И тут у неизвестной матери лунноглазога непременно бы перехватило дыхание. Непроизвольно, не поддаваясь логике и не нуждаясь в объяснениях. Представьте, как на ее глазах вопреки всем запретам и призывам "не ходи" и "не делай" любимое любопытное чадо свешивается вниз, туда, откуда на него лезет неминуемая гибель.
"Отойди", крикнет она ему и уже зная, видя, как бесконечно любимые и прекрасные глаза, на минуту задержавшись на материнском лице, снова устремятся в опасное и запретное, она бросится, чтобы оттолкнуть, уберечь, защитить.
Но у незваного гостя промежутка не было матери, он даже не знал, что означает это слово, возможно чувствовал где-то глубоко в животе, где возможно когда-то в его тело входила пульсирующая пуповина, но не знал, а лишь забыв про страх все смотрел и смотрел на это существо. Он понял, что здесь кроме инстинкта поесть и спасти свою жизнь есть еще один, присущий только этому месту. Стремление наверх - к солнцу. И как было бы хорошо, чтобы этот сильный зверь, вывез его, слабого и дрожащего от страха на своей спине наверх.
Младенец, забирающийся на спину к разозленному медведю и весело хохочущий.
- Покатай меня.
Этот слабый звук утонул в реве и шуме выбирающегося наверх зверя, но гость лишь крепче вцепился в край площадки.
- Покатай меня.
Он выдвигался из темноты, заполняя собой все пространство, и свет окончательно гас, повинуясь нарастающим раскатам рваной мелодии.
Брат выглядел человекоподобным - если смотреть от пояса и выше, туда, где под сводом пещеры скорбно склонялась голова, почти терявшаяся из виду в складках теней.
Низкий, вибрирущий голос зазвенел, пронзая весь воздух вокруг и наполняя его холодом.
- Кто ты такая? Я не знаю тебя, и тебя нет среди Его сестер... откуда ты взялась?
Гость поежился и втянул голову в плечи. То, что он так долго откладывал на потом уже нельзя было игнорировать. Самой сложный из всех вопросов "кто я" снова звенел в его ушах голосом этого существа. Но на этот раз вопрос имел незнакомый оттенок, в котором человек сведущий угадал бы подсказку. Но для того, чтобы понять - нужно знать, а когда не знаешь, можно только почувствовать. Но ощущение это будет бледнее пятна угасающего солнца на полумесяце нарождающейся луны.
- Кто я такая? - гостья повторила вопрос и отодвинулась от края обрыва еще дальше. Как можно дальше от этой громадины из холода и злобы, еще е понимая, что обрела, произнеся эту фразу.
- Я не взялась, я проснулась.

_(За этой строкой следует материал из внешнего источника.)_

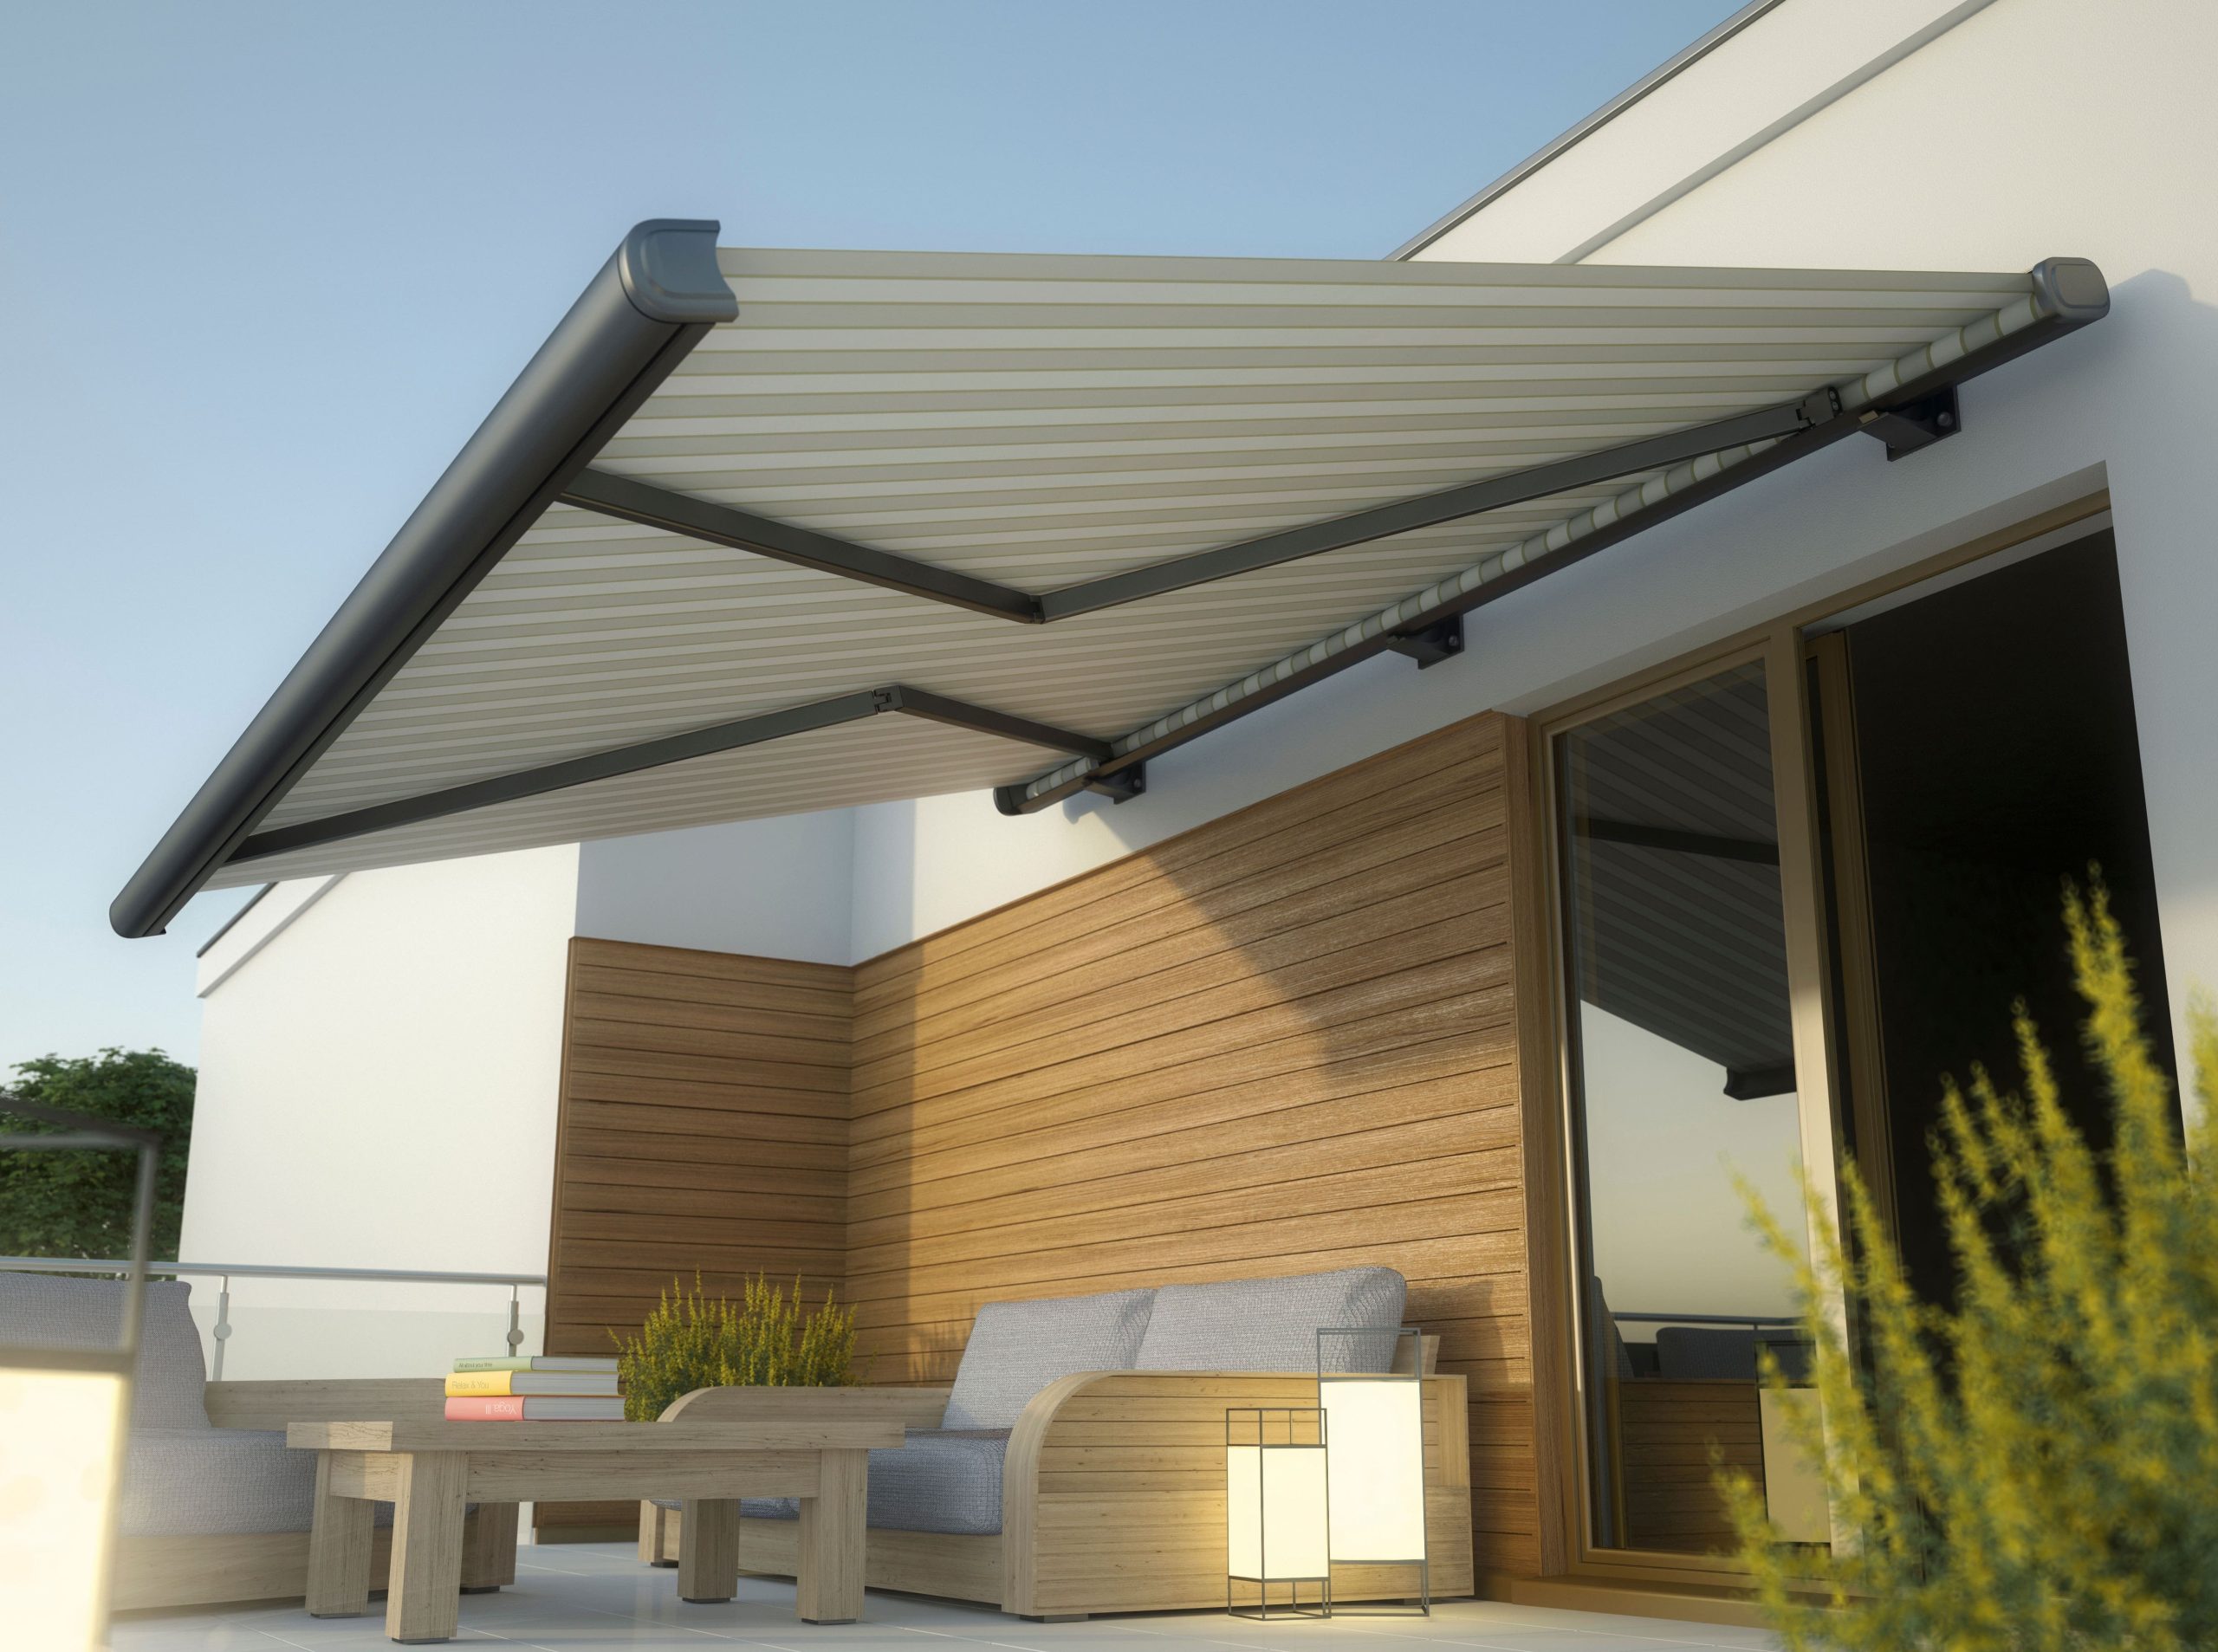 Convenient retracable awning for outdoor space in San Diego, CA.

Здесь холодно, черно и страшно и мне все время хотят причинить боль. Это ты пытался выбратся наверх?
- Проснулась? - громовой голос вздрогнул, в нем ощутимо чувствовались нотки страха. - Странно, что местом пробуждения Сестры стал этот колодец, не имеющий назначения... Но воистину это луч надежды - что в час смерти и перемен Он являет нам новый дар. Я - Клавикорд, четвертый из Братьев. Прежде чем фратрия решит окончательно, тебя, новорожденная, буду оберегать я. Ты должна пойти со мной и покинуть это место, найти Покой, который станет твоим домом.
Два сердца неровно вздрогнули и снова начали выбивать прежний ритм, Лунноглазая отошла еще дальше, но не отступила в своих намерениях.
- Ты можешь отвести меня наверх, к солнцу?
- Наверх? - нервно перебираемые клавиши на миг замерли, наполнив воздух тишиной. - О чем ты говоришь, рожденная? Нет ничего выше рая! Неужели едва родившись, ты уже заражена смертоносной ересью Сестер?.. Как быстро распространяется эта скверна!
- Слушай голос Цвета, рожденная, - прогудел Брат, выдержав томительную паузу. - Он откроет тебе твое назначение...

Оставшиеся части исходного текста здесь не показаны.